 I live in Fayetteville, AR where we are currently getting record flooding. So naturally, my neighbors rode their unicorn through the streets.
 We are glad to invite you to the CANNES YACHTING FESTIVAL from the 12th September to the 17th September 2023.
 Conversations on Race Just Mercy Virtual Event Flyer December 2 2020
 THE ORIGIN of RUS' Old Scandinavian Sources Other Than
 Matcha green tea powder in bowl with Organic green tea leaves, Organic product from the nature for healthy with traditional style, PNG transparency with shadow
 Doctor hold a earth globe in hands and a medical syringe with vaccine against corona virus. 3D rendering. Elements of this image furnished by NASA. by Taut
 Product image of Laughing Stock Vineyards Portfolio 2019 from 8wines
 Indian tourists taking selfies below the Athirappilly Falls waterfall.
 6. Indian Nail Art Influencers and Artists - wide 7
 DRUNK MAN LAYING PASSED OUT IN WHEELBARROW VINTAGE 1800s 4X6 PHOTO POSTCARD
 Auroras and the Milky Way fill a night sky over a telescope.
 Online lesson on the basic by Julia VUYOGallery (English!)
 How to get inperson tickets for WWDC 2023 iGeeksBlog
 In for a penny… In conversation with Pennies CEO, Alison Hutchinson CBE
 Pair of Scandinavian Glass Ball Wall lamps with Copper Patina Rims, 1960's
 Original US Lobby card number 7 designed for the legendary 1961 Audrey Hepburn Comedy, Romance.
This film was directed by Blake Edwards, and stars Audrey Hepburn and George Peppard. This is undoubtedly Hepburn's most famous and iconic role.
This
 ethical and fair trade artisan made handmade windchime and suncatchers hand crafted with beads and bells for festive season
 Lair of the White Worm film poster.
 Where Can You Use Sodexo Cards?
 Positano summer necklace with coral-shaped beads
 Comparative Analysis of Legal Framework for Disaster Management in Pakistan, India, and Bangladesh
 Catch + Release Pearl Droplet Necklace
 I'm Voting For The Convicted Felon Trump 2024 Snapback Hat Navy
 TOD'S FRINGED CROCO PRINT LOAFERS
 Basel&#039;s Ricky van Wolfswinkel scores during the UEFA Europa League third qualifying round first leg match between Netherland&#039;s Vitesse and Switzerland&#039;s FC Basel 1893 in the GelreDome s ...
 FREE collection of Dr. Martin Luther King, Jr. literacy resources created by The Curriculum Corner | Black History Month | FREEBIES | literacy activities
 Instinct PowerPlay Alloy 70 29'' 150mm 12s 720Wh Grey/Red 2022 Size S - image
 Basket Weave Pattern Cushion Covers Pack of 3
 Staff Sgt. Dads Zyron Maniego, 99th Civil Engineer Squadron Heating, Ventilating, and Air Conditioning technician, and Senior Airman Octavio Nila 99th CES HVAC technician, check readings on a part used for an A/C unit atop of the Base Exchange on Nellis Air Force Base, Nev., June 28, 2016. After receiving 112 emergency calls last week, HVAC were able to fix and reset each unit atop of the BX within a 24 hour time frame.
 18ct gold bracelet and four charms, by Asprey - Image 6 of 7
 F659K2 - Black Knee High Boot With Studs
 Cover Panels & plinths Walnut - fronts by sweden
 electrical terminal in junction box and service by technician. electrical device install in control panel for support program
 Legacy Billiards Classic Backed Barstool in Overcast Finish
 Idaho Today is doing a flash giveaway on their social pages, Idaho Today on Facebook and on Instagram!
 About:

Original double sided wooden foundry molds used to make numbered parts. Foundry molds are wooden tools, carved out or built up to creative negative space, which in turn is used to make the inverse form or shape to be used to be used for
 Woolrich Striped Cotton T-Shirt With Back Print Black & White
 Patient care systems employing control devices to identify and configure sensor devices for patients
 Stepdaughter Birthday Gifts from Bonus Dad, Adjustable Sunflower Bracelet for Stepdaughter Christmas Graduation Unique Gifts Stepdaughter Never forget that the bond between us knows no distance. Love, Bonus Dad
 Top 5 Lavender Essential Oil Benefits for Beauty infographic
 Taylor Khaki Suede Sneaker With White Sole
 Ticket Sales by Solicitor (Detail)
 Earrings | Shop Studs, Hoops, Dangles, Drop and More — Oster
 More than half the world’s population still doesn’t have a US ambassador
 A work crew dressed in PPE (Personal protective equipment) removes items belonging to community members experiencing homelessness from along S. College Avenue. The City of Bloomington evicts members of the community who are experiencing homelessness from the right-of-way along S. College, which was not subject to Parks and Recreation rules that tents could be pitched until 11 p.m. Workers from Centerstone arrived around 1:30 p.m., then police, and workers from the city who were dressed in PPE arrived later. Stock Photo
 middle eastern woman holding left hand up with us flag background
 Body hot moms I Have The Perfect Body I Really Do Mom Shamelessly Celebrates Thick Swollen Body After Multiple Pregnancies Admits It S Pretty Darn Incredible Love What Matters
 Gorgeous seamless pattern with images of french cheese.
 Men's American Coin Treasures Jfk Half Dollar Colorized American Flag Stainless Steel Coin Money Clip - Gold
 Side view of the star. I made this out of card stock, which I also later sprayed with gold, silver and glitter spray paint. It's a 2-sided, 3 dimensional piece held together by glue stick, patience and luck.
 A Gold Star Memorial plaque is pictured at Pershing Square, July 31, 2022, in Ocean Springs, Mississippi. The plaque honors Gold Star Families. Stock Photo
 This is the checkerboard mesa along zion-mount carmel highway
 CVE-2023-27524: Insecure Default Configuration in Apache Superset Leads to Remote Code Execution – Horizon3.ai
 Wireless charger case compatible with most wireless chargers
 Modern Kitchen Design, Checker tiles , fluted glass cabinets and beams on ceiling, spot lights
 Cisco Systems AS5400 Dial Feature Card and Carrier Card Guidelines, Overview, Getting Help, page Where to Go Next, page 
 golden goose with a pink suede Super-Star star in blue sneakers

****************

* Requirement
Without dropping a single line, output the records above exactly.

* Solved problem
 I live in Fayetteville, AR where we are currently getting record flooding. So naturally, my neighbors rode their unicorn through the streets.
 We are glad to invite you to the CANNES YACHTING FESTIVAL from the 12th September to the 17th September 2023.
 Conversations on Race Just Mercy Virtual Event Flyer December 2 2020
 THE ORIGIN of RUS' Old Scandinavian Sources Other Than
 Matcha green tea powder in bowl with Organic green tea leaves, Organic product from the nature for healthy with traditional style, PNG transparency with shadow
 Doctor hold a earth globe in hands and a medical syringe with vaccine against corona virus. 3D rendering. Elements of this image furnished by NASA. by Taut
 Product image of Laughing Stock Vineyards Portfolio 2019 from 8wines
 Indian tourists taking selfies below the Athirappilly Falls waterfall.
 6. Indian Nail Art Influencers and Artists - wide 7
 DRUNK MAN LAYING PASSED OUT IN WHEELBARROW VINTAGE 1800s 4X6 PHOTO POSTCARD
 Auroras and the Milky Way fill a night sky over a telescope.
 Online lesson on the basic by Julia VUYOGallery (English!)
 How to get inperson tickets for WWDC 2023 iGeeksBlog
 In for a penny… In conversation with Pennies CEO, Alison Hutchinson CBE
 Pair of Scandinavian Glass Ball Wall lamps with Copper Patina Rims, 1960's
 Original US Lobby card number 7 designed for the legendary 1961 Audrey Hepburn Comedy, Romance.
This film was directed by Blake Edwards, and stars Audrey Hepburn and George Peppard. This is undoubtedly Hepburn's most famous and iconic role.
This
 ethical and fair trade artisan made handmade windchime and suncatchers hand crafted with beads and bells for festive season
 Lair of the White Worm film poster.
 Where Can You Use Sodexo Cards?
 Positano summer necklace with coral-shaped beads
 Comparative Analysis of Legal Framework for Disaster Management in Pakistan, India, and Bangladesh
 Catch + Release Pearl Droplet Necklace
 I'm Voting For The Convicted Felon Trump 2024 Snapback Hat Navy
 TOD'S FRINGED CROCO PRINT LOAFERS
 Basel&#039;s Ricky van Wolfswinkel scores during the UEFA Europa League third qualifying round first leg match between Netherland&#039;s Vitesse and Switzerland&#039;s FC Basel 1893 in the GelreDome s ...
 FREE collection of Dr. Martin Luther King, Jr. literacy resources created by The Curriculum Corner | Black History Month | FREEBIES | literacy activities
 Instinct PowerPlay Alloy 70 29'' 150mm 12s 720Wh Grey/Red 2022 Size S - image
 Basket Weave Pattern Cushion Covers Pack of 3
 Staff Sgt. Dads Zyron Maniego, 99th Civil Engineer Squadron Heating, Ventilating, and Air Conditioning technician, and Senior Airman Octavio Nila 99th CES HVAC technician, check readings on a part used for an A/C unit atop of the Base Exchange on Nellis Air Force Base, Nev., June 28, 2016. After receiving 112 emergency calls last week, HVAC were able to fix and reset each unit atop of the BX within a 24 hour time frame.
 18ct gold bracelet and four charms, by Asprey - Image 6 of 7
 F659K2 - Black Knee High Boot With Studs
 Cover Panels & plinths Walnut - fronts by sweden
 electrical terminal in junction box and service by technician. electrical device install in control panel for support program
 Legacy Billiards Classic Backed Barstool in Overcast Finish
 Idaho Today is doing a flash giveaway on their social pages, Idaho Today on Facebook and on Instagram!
 About:

Original double sided wooden foundry molds used to make numbered parts. Foundry molds are wooden tools, carved out or built up to creative negative space, which in turn is used to make the inverse form or shape to be used to be used for
 Woolrich Striped Cotton T-Shirt With Back Print Black & White
 Patient care systems employing control devices to identify and configure sensor devices for patients
 Stepdaughter Birthday Gifts from Bonus Dad, Adjustable Sunflower Bracelet for Stepdaughter Christmas Graduation Unique Gifts Stepdaughter Never forget that the bond between us knows no distance. Love, Bonus Dad
 Top 5 Lavender Essential Oil Benefits for Beauty infographic
 Taylor Khaki Suede Sneaker With White Sole
 Ticket Sales by Solicitor (Detail)
 Earrings | Shop Studs, Hoops, Dangles, Drop and More — Oster
 More than half the world’s population still doesn’t have a US ambassador
 A work crew dressed in PPE (Personal protective equipment) removes items belonging to community members experiencing homelessness from along S. College Avenue. The City of Bloomington evicts members of the community who are experiencing homelessness from the right-of-way along S. College, which was not subject to Parks and Recreation rules that tents could be pitched until 11 p.m. Workers from Centerstone arrived around 1:30 p.m., then police, and workers from the city who were dressed in PPE arrived later. Stock Photo
 middle eastern woman holding left hand up with us flag background
 Body hot moms I Have The Perfect Body I Really Do Mom Shamelessly Celebrates Thick Swollen Body After Multiple Pregnancies Admits It S Pretty Darn Incredible Love What Matters
 Gorgeous seamless pattern with images of french cheese.
 Men's American Coin Treasures Jfk Half Dollar Colorized American Flag Stainless Steel Coin Money Clip - Gold
 Side view of the star. I made this out of card stock, which I also later sprayed with gold, silver and glitter spray paint. It's a 2-sided, 3 dimensional piece held together by glue stick, patience and luck.
 A Gold Star Memorial plaque is pictured at Pershing Square, July 31, 2022, in Ocean Springs, Mississippi. The plaque honors Gold Star Families. Stock Photo
 This is the checkerboard mesa along zion-mount carmel highway
 CVE-2023-27524: Insecure Default Configuration in Apache Superset Leads to Remote Code Execution – Horizon3.ai
 Wireless charger case compatible with most wireless chargers
 Modern Kitchen Design, Checker tiles , fluted glass cabinets and beams on ceiling, spot lights
 Cisco Systems AS5400 Dial Feature Card and Carrier Card Guidelines, Overview, Getting Help, page Where to Go Next, page 
 golden goose with a pink suede Super-Star star in blue sneakers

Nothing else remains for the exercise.